There is a lemmatised frequency list for the 6,318 words with more than 800
occurrences in the whole 100M-word BNC. The definition of a 'word'
approximates to a headword in an EFL dictionary such as Longman's
Dictionary of Contemporary English: so, eg, nominal and verbal "help"
are listed separately, and the count for verbal "help" is the sum of
counts for verbal 'help', 'helps', 'helping', 'helped'.
The lemmatised list is called 'lemma' and is available in four forms:
ordered alphabetically or by frequency, and compressed (using gzip) or
uncompressed, so the four files are:
The format for the list is:
sort-order, frequency, word, word-class
and a sample from the top of the alphabetically-ordered list is:
5 2186369 a det
2107 4249 abandon v
5204 1110 abbey n
966 10468 ability n
321 30454 able a
The list-creation process replicated that used at Longman for marking
dictionary frequencies in LDOCE 3rd edition, a process described in
-
Kilgarriff, A. Putting Frequencies in the Dictionary.
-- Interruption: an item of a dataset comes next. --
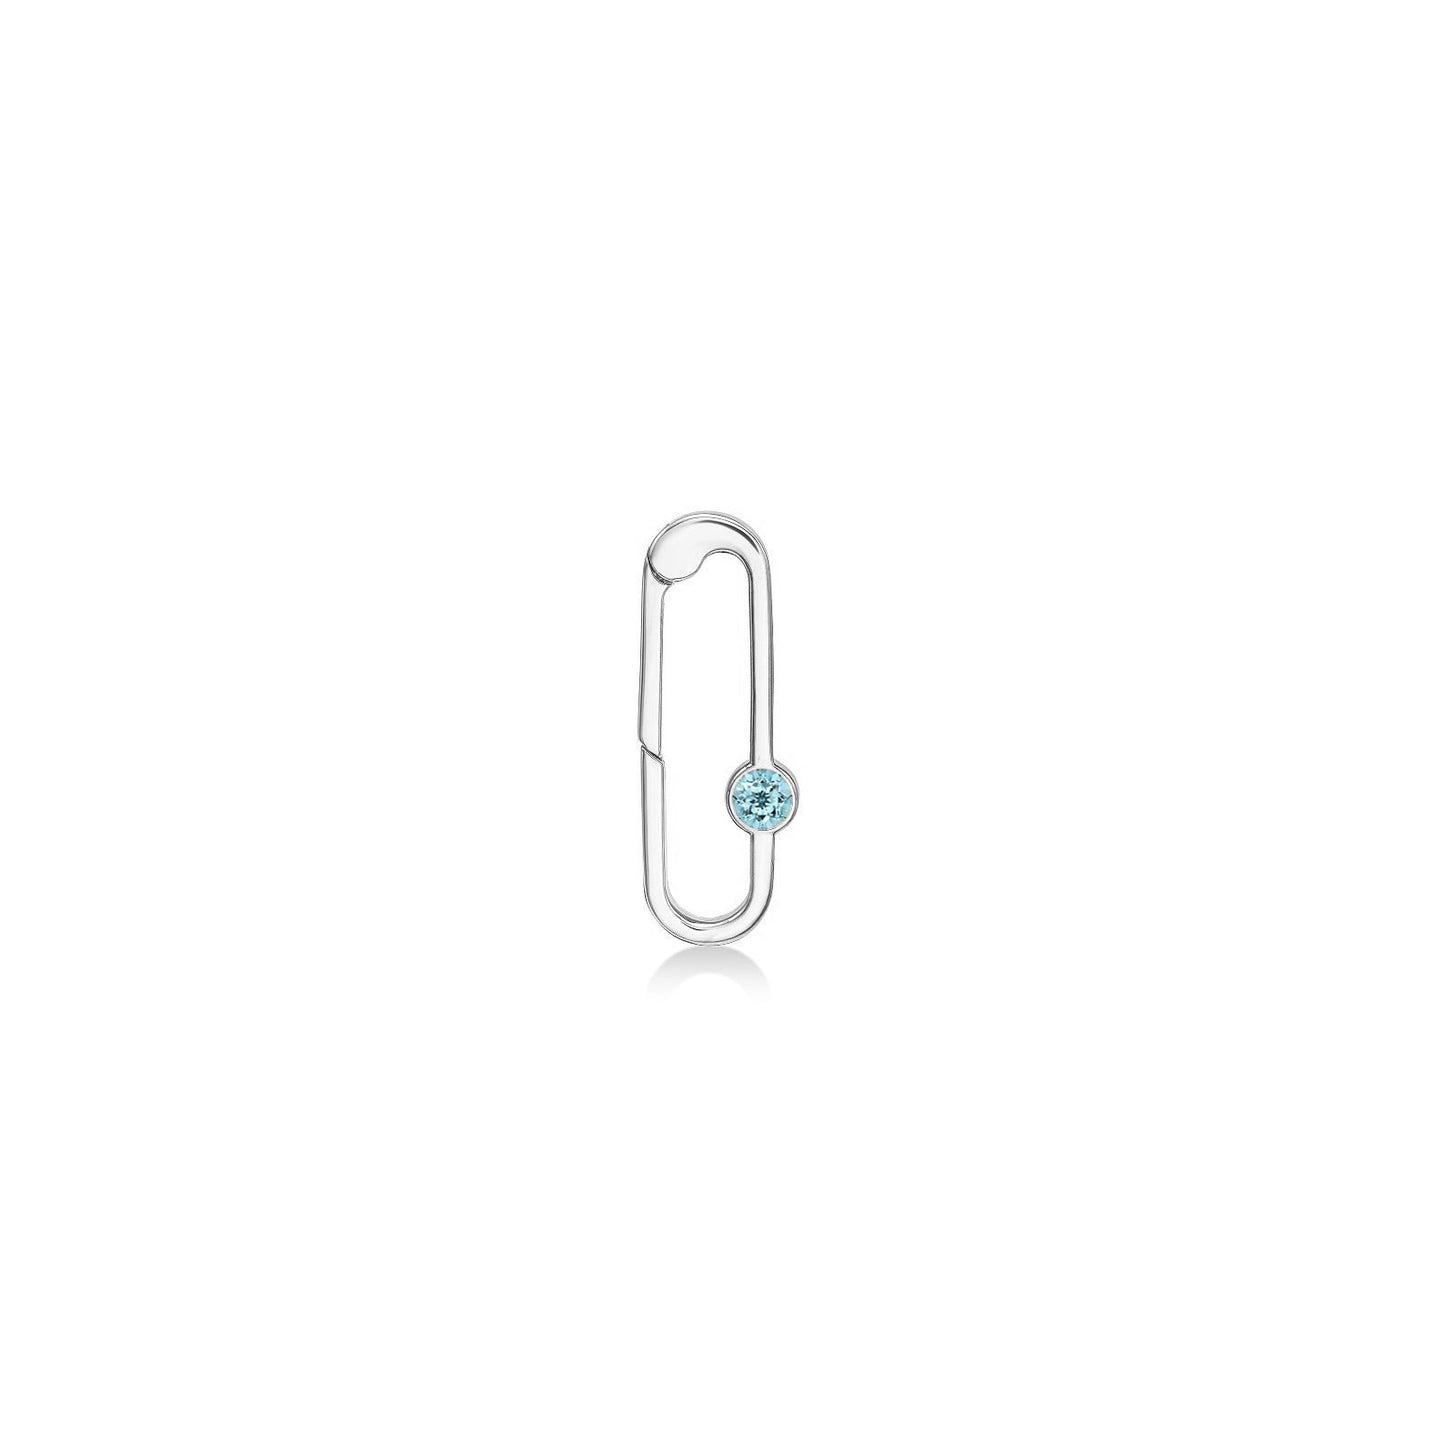 14k white gold paperclip charm lock with aquamarine

International Journal of Lexicography 10 (2) 1997. Pp 135--155. Available here.
Numbers, names, and items that would usually be capitalised are
excluded. Only simple words (eg containing no spaces) were
considered. The following set of word classes is used:
conj (conjunction) 34 items
adv (adverb) 427
v (verb) 1281
det (determiner) 47
pron (pronoun) 46
interjection 13
a (adjective) 1124
n (noun) 3262
prep (preposition) 71
modal 12
infinitive-marker 1
A word like "right" has four list entries, for adjective, adverb,
interjection and noun. (Just ten words have more than three list
entries.)
Unlike the Longman list, only the BNC was used (so the lists only
reflect British, not American, frequencies); spoken and written
frequencies are not separated; spelling variants are not counted as a
single word; manual checking was less extensive.
The lemmatised list was generated from the unlemmatised lists which
are thus a less theory-dependent form of data.
These are all available in 6 forms:
- sorted alphabetically ("al")
or by frequency (highest frequency first) ("num");
- the complete lists, or a smaller file containing only those
items occurring over five times (suffix "o5");
- all lists are available compressed using gzip (".gz"). The
o5 lists are also available uncompressed (no suffix).
The frequencies are for <CLAWS-word, POS> pairs. NB some CLAWS words
- eg "in spite of" are not orthographic words, while others are
numbers etc, and some POS's are CLAWS 'portmanteau tags', eg NN1-VVB,
where CLAWS was uncertain as to whether the word was a singular common
noun or base form of a verb. See BNC manual for serious documentation,
also my "Putting frequencies in the dictionary" (see above).
For a list and brief descriptions of CLAWS POS-tags, see here.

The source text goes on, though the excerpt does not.